Performance of Plasma Coproporphyrin I and III as OATP1B1 Biomarkers in Humans.

Abstract

A previous study in 356 healthy Finnish volunteers showed that glycochenodeoxycholate 3‐O‐glucuronide (GCDCA‐3G) and glycodeoxycholate 3‐O‐glucuronide (GDCA‐3G) are promising biomarkers of organic anion transporting polypeptide 1B1 (OATP1B1). In the same cohort, we now evaluated the performances of two other OATP1B1 biomarkers, coproporphyrin I (CPI) and III (CPIII), and compared them with GCDCA‐3G and GDCA‐3G. Based on decreased (*5 and *15) and increased (*14 and *20) function SLCO1B1 haplotypes, we stratified the participants to poor, decreased, normal, increased, and highly increased OATP1B1 function groups. Fasting plasma CPI concentration was 68% higher in the poor (95% confidence interval, 44%, 97%; P = 1.74 × 10−10), 7% higher in the decreased (0%, 15%; P = 0.0385), 10% lower in the increased (3%, 18%; P = 0.0087), and 23% lower in the highly increased (1%, 40%; P = 0.0387) function group than in the normal function group.
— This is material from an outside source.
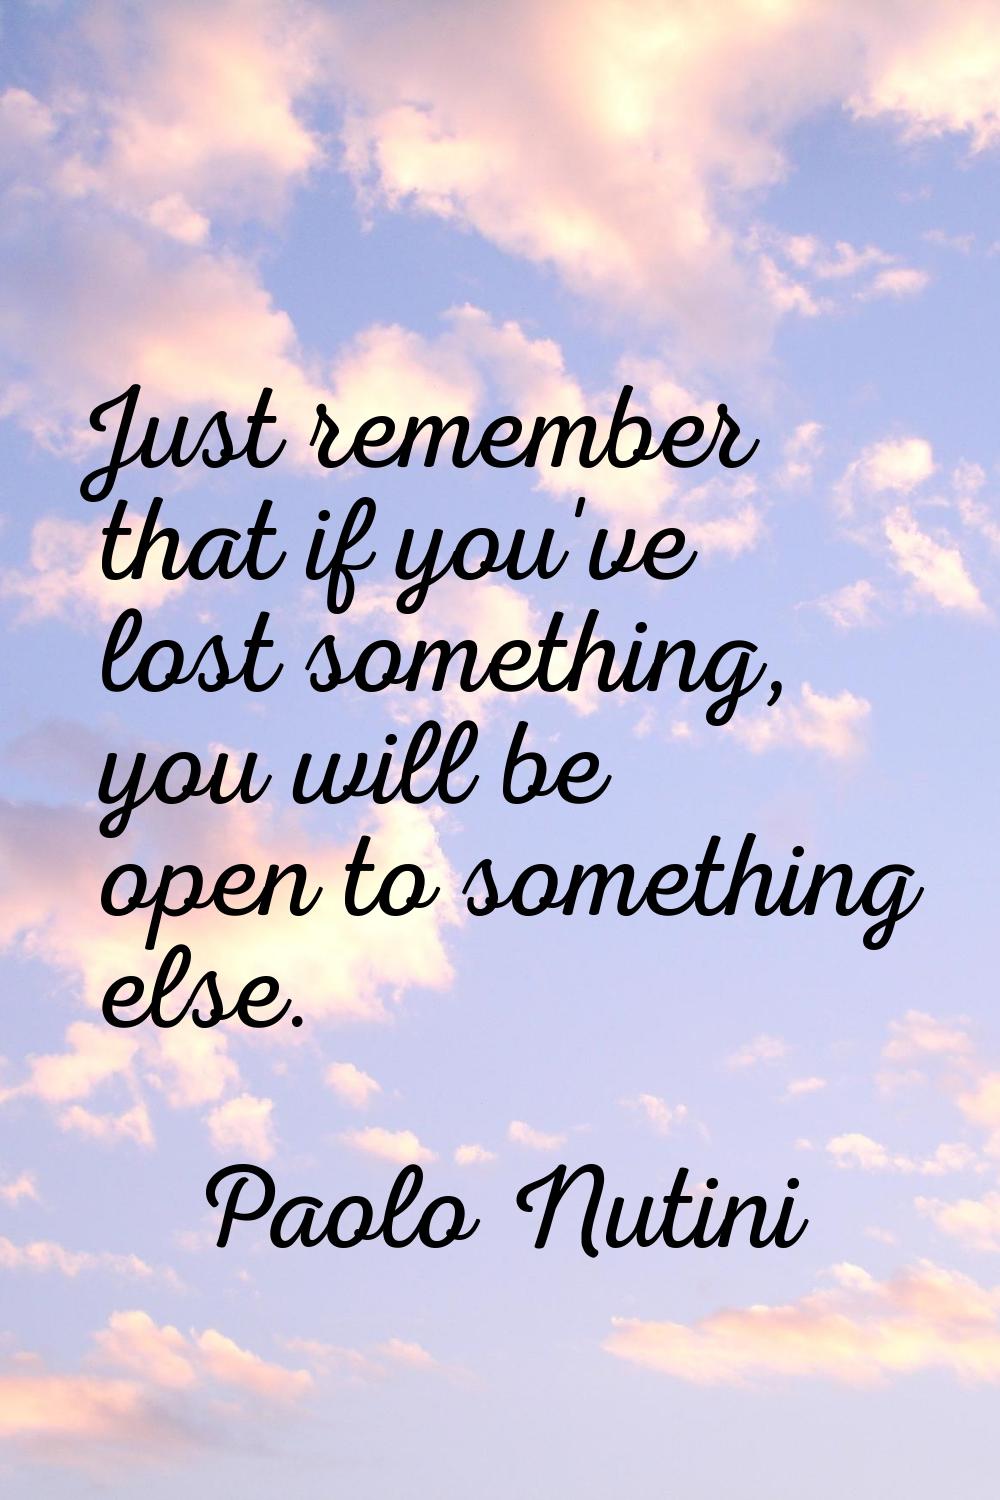 Just remember that if you've lost something, you will be open to something else.

CPIII concentration was 27% higher (7%, 51%; P = 0.0071) in the poor function group than in the normal function group. CPI and CPIII detected poor OATP1B1 function with areas under the precision‐recall curve (AUPRC) of 0.388 (95% confidence interval, 0.197, 0.689) and 0.0798 (0.0485, 0.203), and receiver operating characteristic curve (AUROC) of 0.888 (0.851, 0.919) and 0.731 (0.682, 0.776). The AUPRC and AUROC of GCDCA‐3G were, however, 0.389 (0.258, 0.563) and 0.100 (−0.0046, 0.204; P = 0.0610) larger than those of CPI, and 0.697 (0.555, 0.831) and 0.257 (0.141, 0.373; P < 0.0001) larger than those of CPIII. In conclusion, these data indicate that plasma CPI outperforms CPIII in detecting altered OATP1B1 function, but GCDCA‐3G is an even more sensitive OATP1B1 biomarker than CPI.